Brocade Communications Systems 12.4.00a Manual De Usuario

Chapter

2

Access Control List

How ServerIron processes ACLs

This chapter describes the Access Control List (ACL) feature. ACLs allow you to filter traffic based on 
the information in the IP packet header. Depending on the Brocade device, the device may also 
support Layer 2 ACLs, which filter traffic based on Lay 2 MAC header fields.   

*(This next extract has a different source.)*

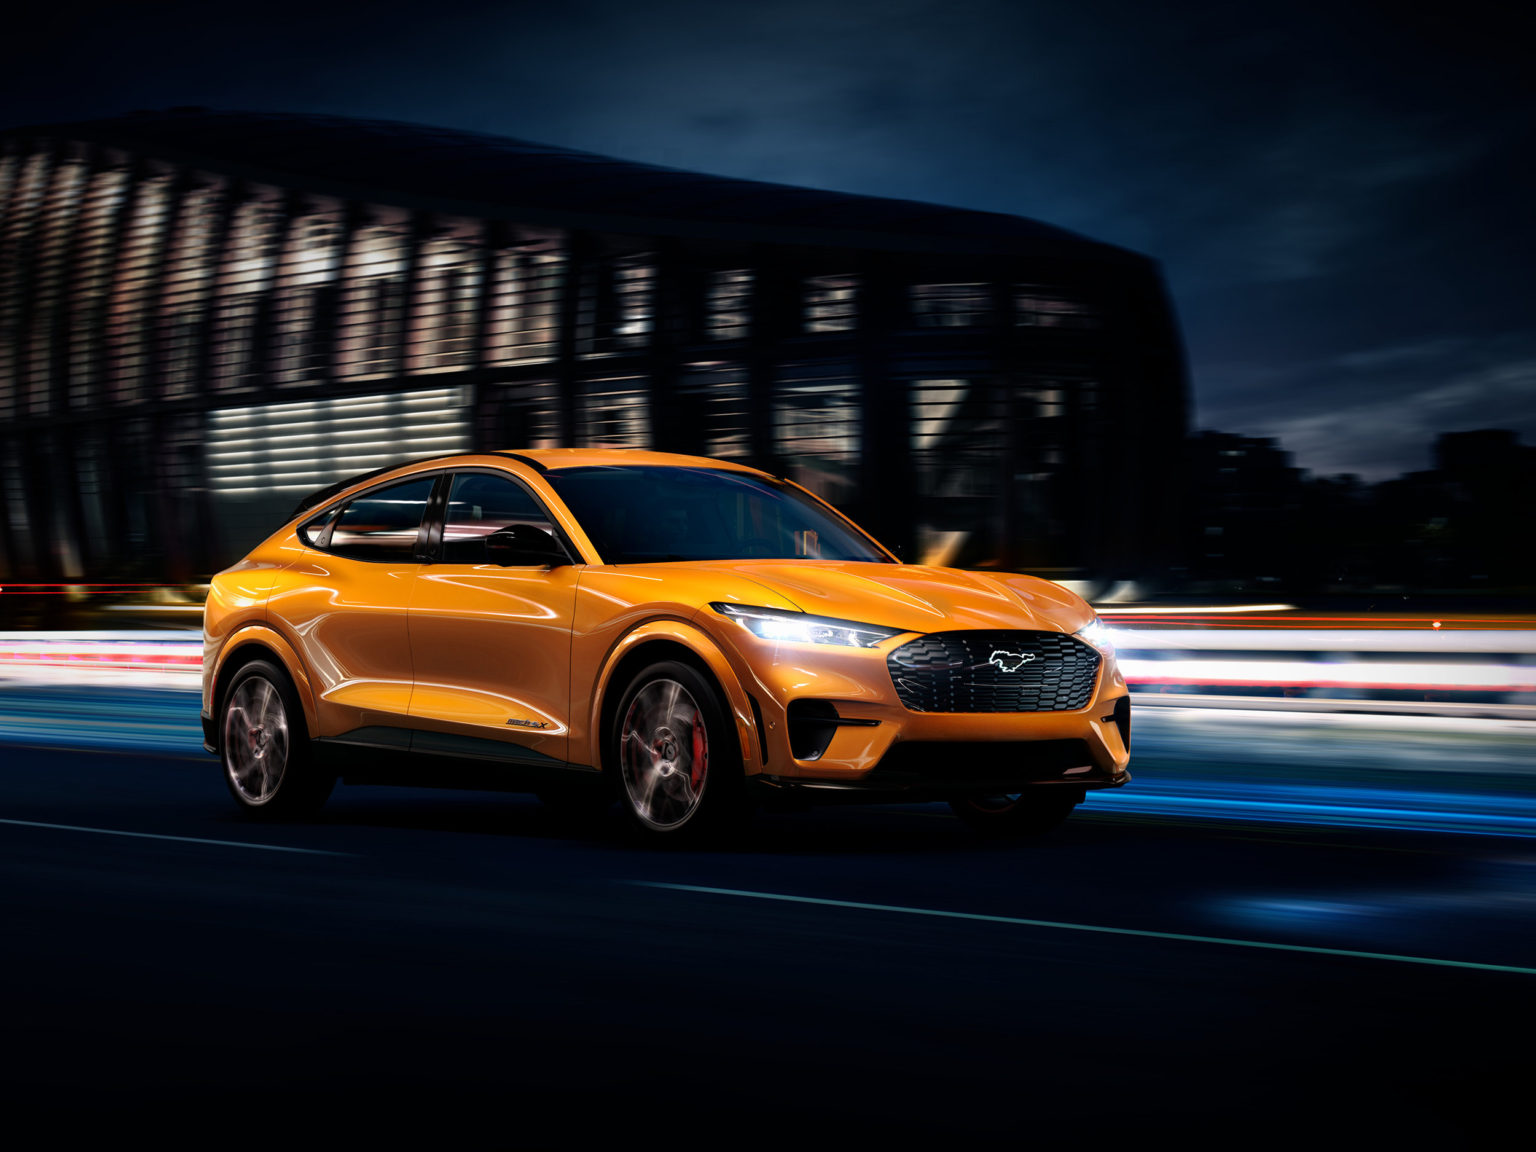 The Ford Mustang Mach-E GT will now be available in Cyber Orange.

You can use IP ACLs to provide input to other features such as distribution lists and rate limiting. 
When you use an ACL this way, use permit statements in the ACL to specify the traffic that you want 
to send to the other feature. If you use deny statements, the traffic specified by the deny 
statements is not supplied to the other feature. 

There are two ways that IPv4 ACLs are processed in Brocade devices: in software and in hardware. 
This processing differs depending on the software release that you are running. These differences 
are described in the following sections.

Prior to release 12.3.01

Prior to release 12.3.01, IPv4 ACLs were processed as described in the following:

For deny actions:

All deny packets are dropped in hardware.

For permit actions:

For pass-through traffic, packets are processed in hardware.

For Layer 4 - 7 traffic, packets are forwarded to the BPs and the BPs perform the ACL 
processing.

Beginning with release 12.3.01 and later

Beginning with release 12.3.01, IPv4 ACLs are processed as described in the following:

For deny actions:

All deny packets are dropped in hardware.

For permit actions:

For pass-through traffic, packets are processed in hardware.

For Layer 4 - 7 traffic, packets are processed in hardware and then forwarded to the BPs. The 
BPs do not take any action on the ACLs.